ABOUT THIS EXERCISE:
Every line below must be copied as written, except for pictures.

DATASET CONTENT:
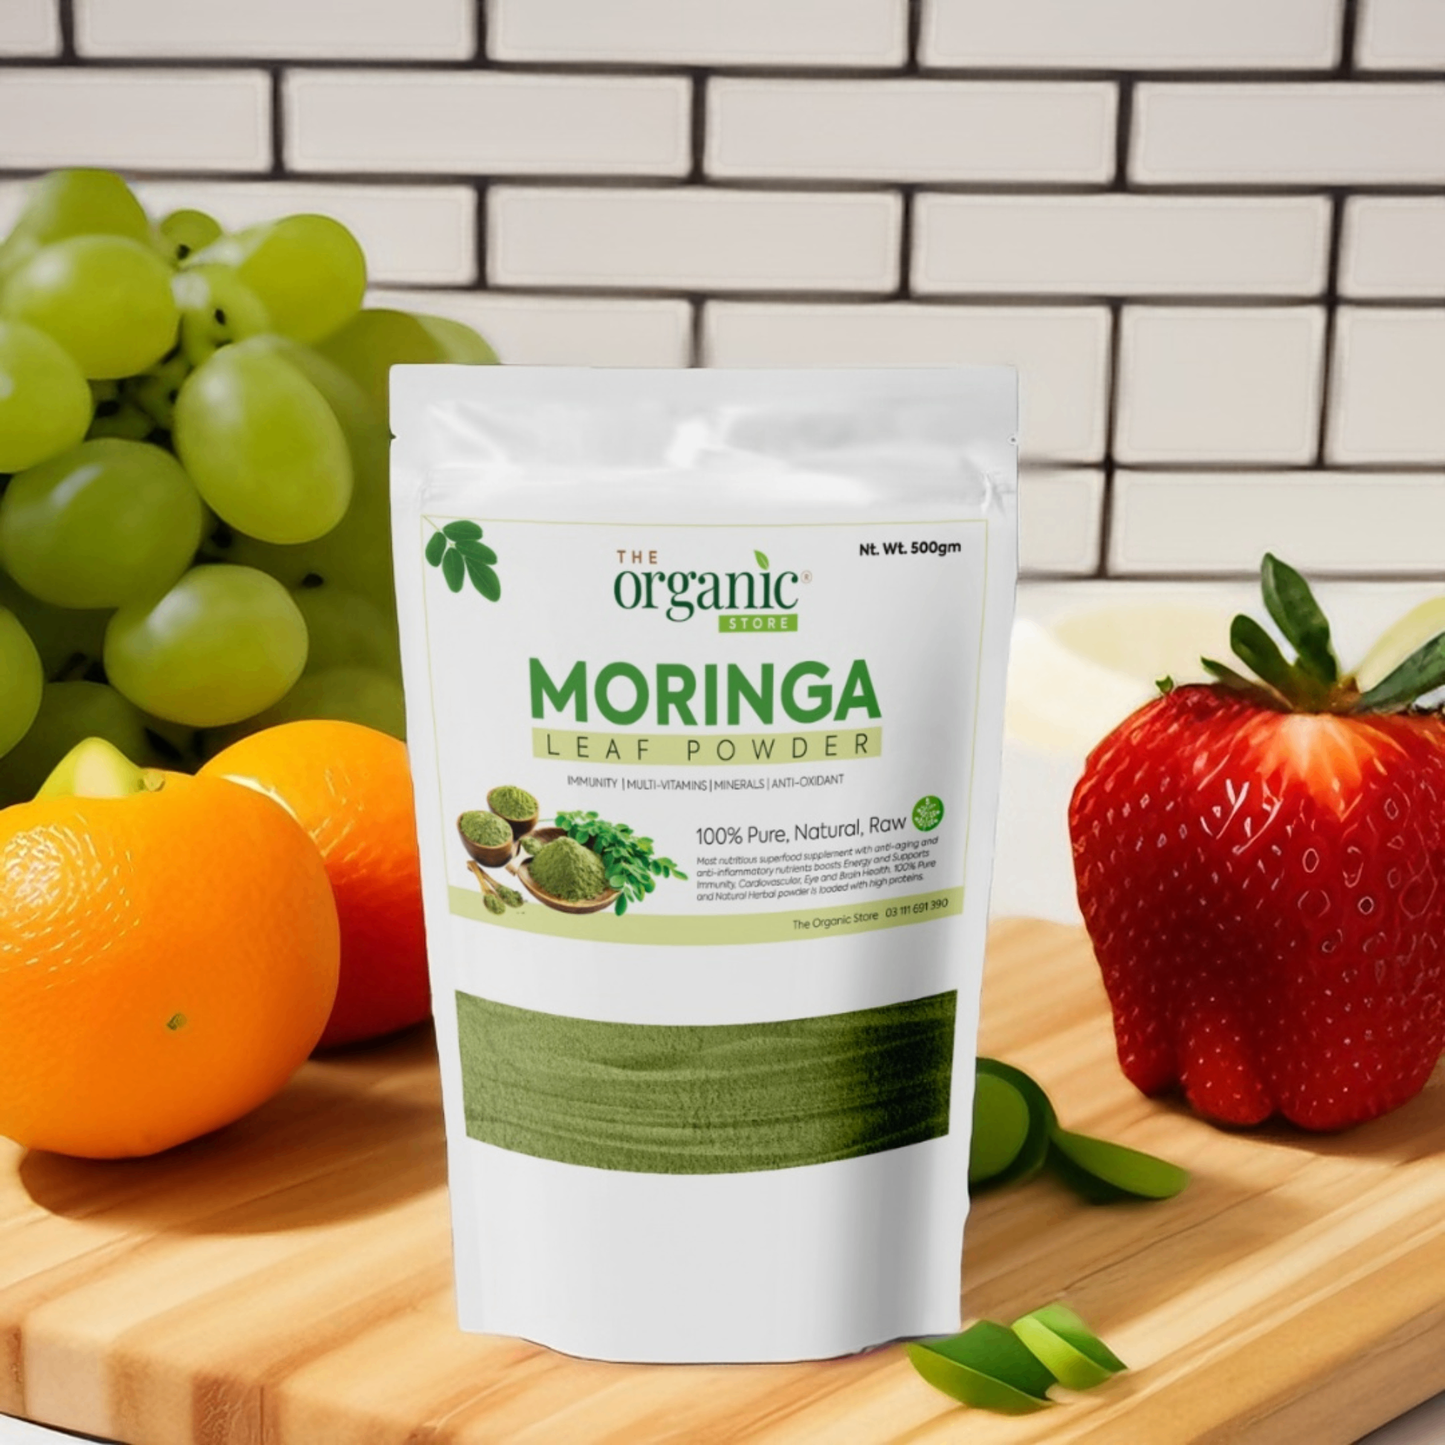 Moringa Leaves Powder - Raw, Pure, Natural - Oleifera
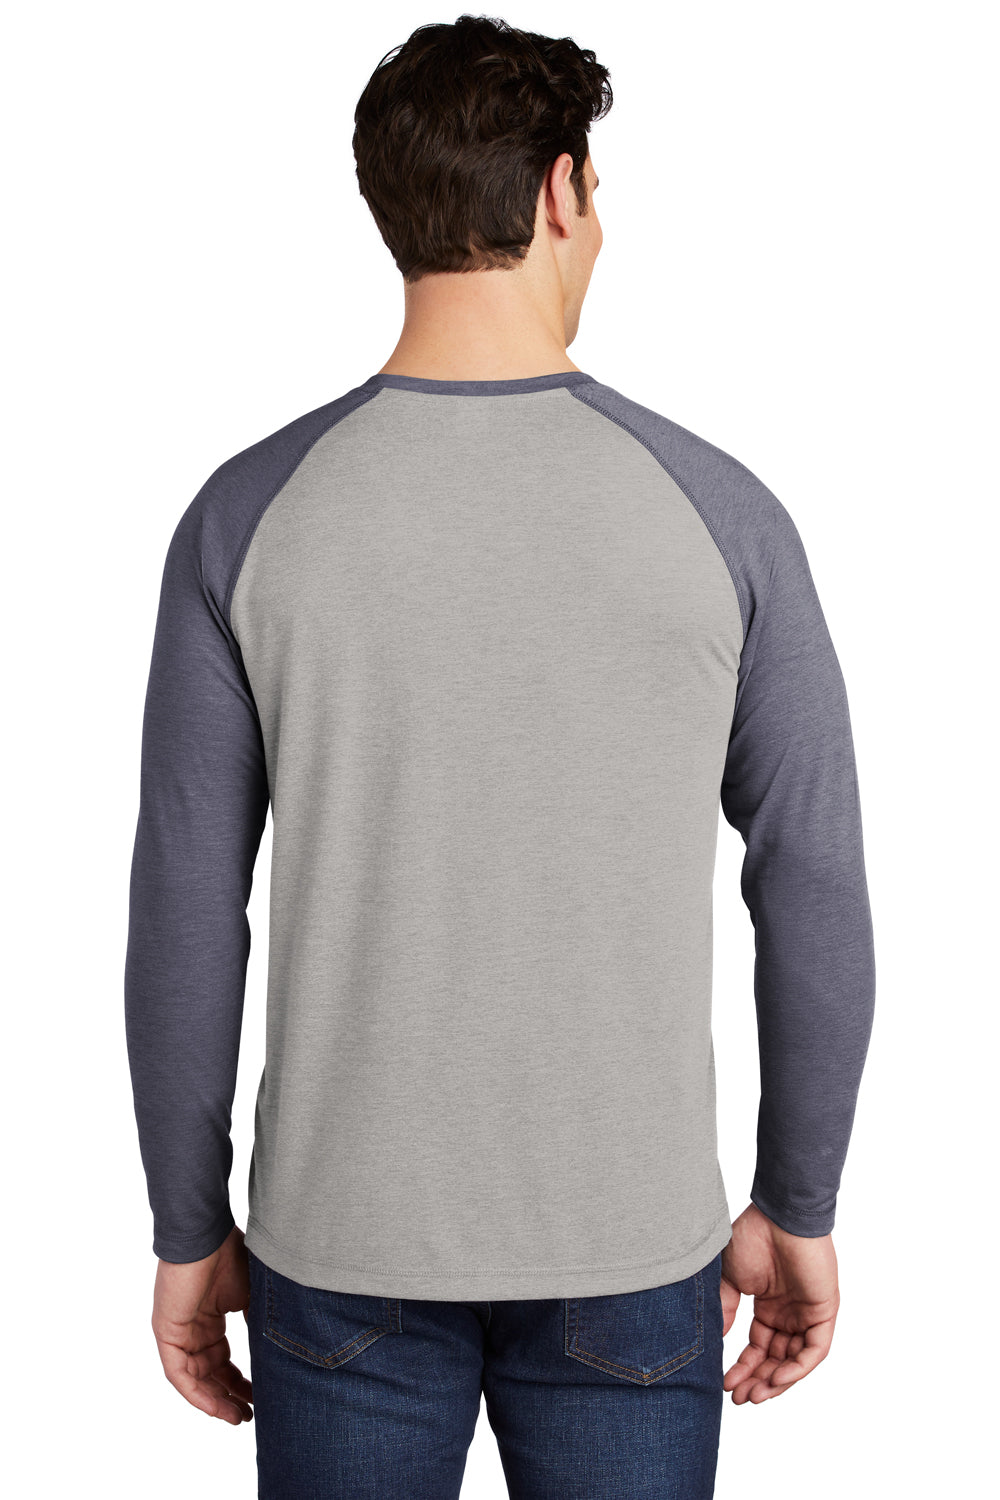 Sport-Tek Mens Moisture Wicking Long Sleeve Crewneck T-Shirt Heather True Navy Blue/Heather Light Grey Side
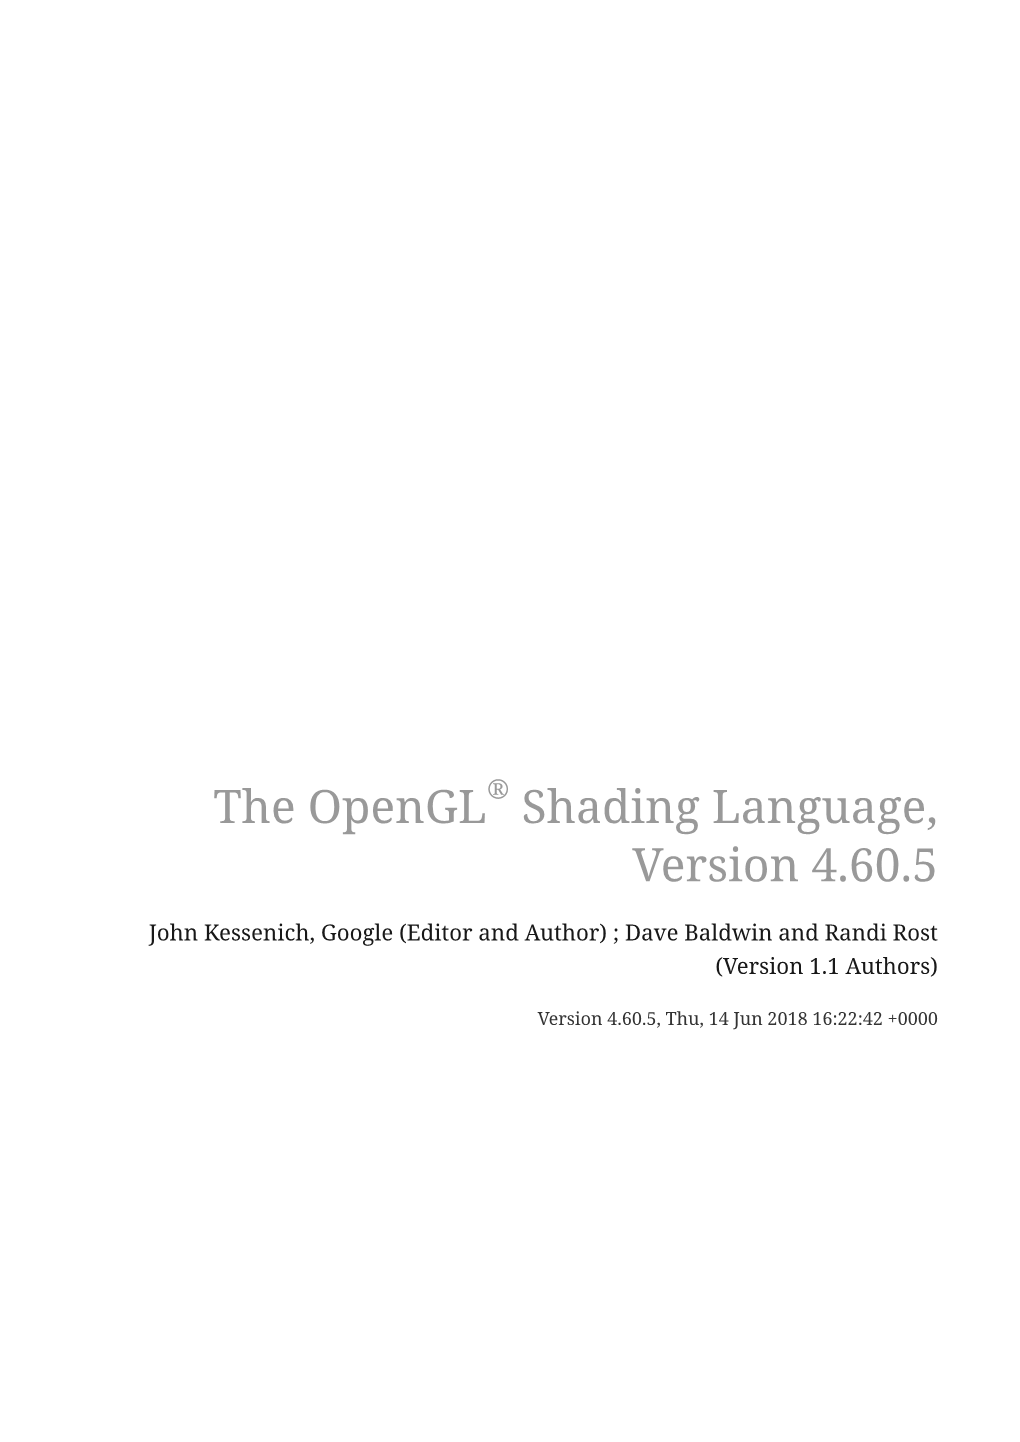 The Opengl® Shading Language, Version 4.60.5

OUTPUT BELOW:
 Moringa Leaves Powder - Raw, Pure, Natural - Oleifera
 Sport-Tek Mens Moisture Wicking Long Sleeve Crewneck T-Shirt Heather True Navy Blue/Heather Light Grey Side
 The Opengl® Shading Language, Version 4.60.5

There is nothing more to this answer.